Background information
- Born: Justs Sirmais 6 February 1995 (age 31) Ķekava, Latvia
- Genres: Pop; rock; soul; electronic;
- Occupations: Singer; television presenter;
- Instrument: Vocals

= Justs Sirmais =

Latvian singer

Justs Sirmais (born 6 February 1995), also known as simply Justs, is a Latvian singer and television presenter. He represented Latvia in the Eurovision Song Contest 2016 with the song "Heartbeat".

==Life and career==
===Early life===
Justs was born on 6 February 1995 in Ķekava. He attended Riga State Gymnasium No.1. He began his musical journey as a street musician in Riga.

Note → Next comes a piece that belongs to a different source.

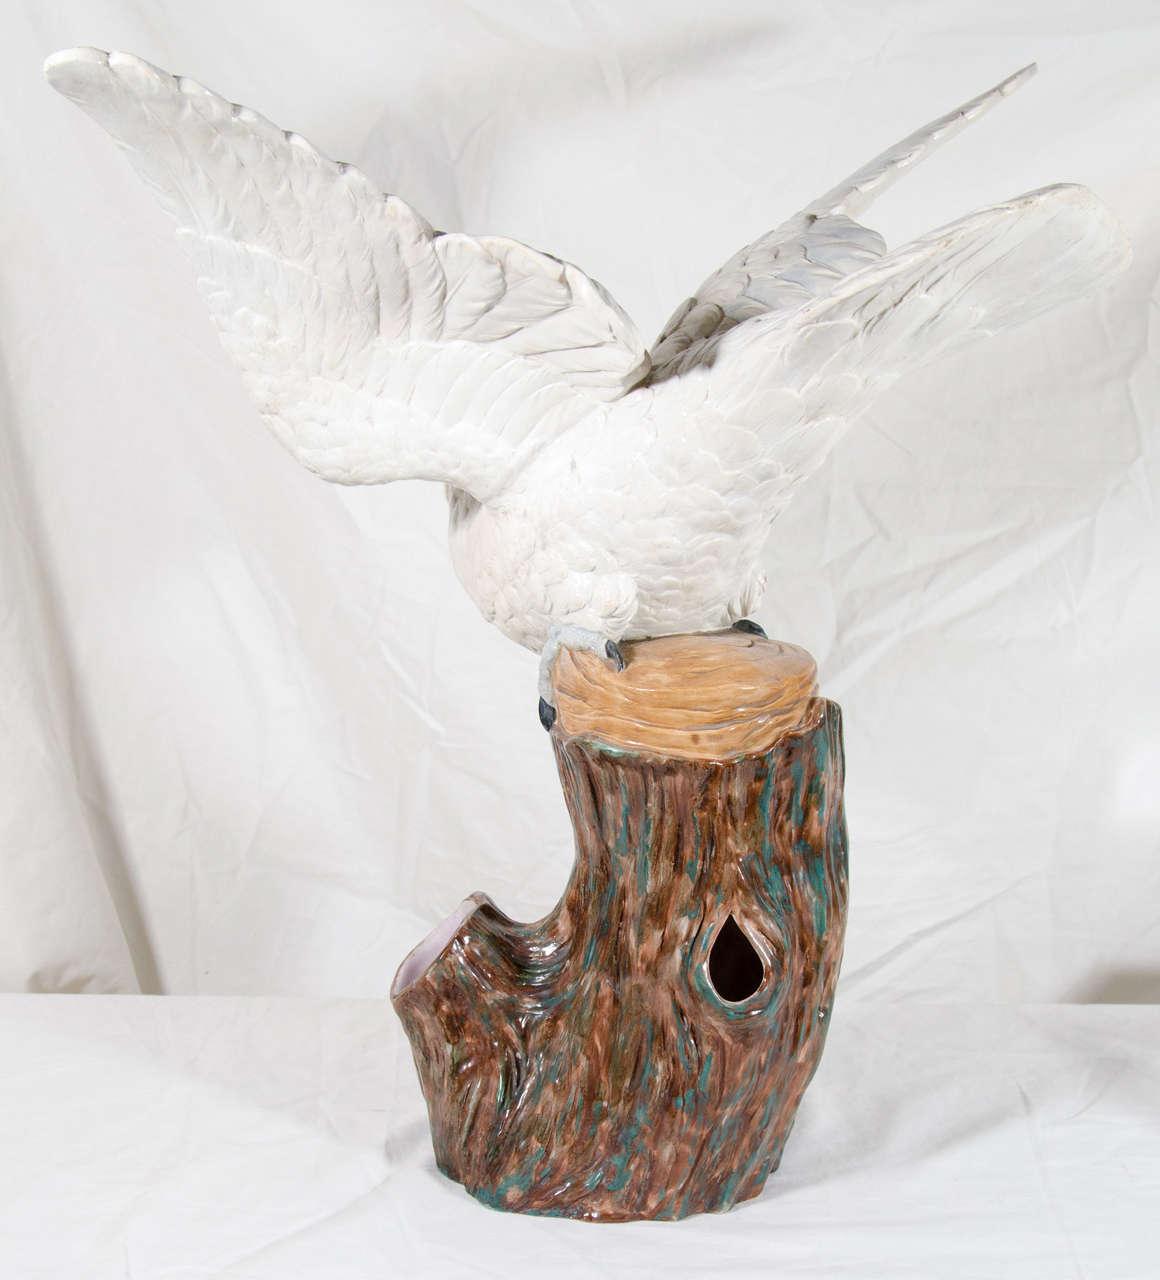 Large Antique Porcelain Cockatoo Sculpture Royal Worcester Made circa 1870 For Sale 2

===2015–present: Eurovision Song Contest 2016===
On 31 January 2016, Justs was announced as one of the 20 competing acts in the second season of Supernova, the show used to select Latvia's representative to the Eurovision Song Contest. He was competing with the song "Heartbeat", written by Latvia's 2015 entrant Aminata Savadogo. In the first heat on 7 February, Sirmais advanced to the semi-final after winning over 40% of the televote. He competed in the semi-final on 21 February and advanced to the final through televoting. On 28 February, he won the national final and then represented Latvia at the Eurovision Song Contest 2016 in Stockholm, Sweden. He made it through the semi-final and placed 15th in the final. Justs earned his country's sixth best placing ever. On 17 May 2016 he released the EP To Be Heard. On 23 May 2016 he released the single "Ko Tu Dari?" ("What Are You Doing").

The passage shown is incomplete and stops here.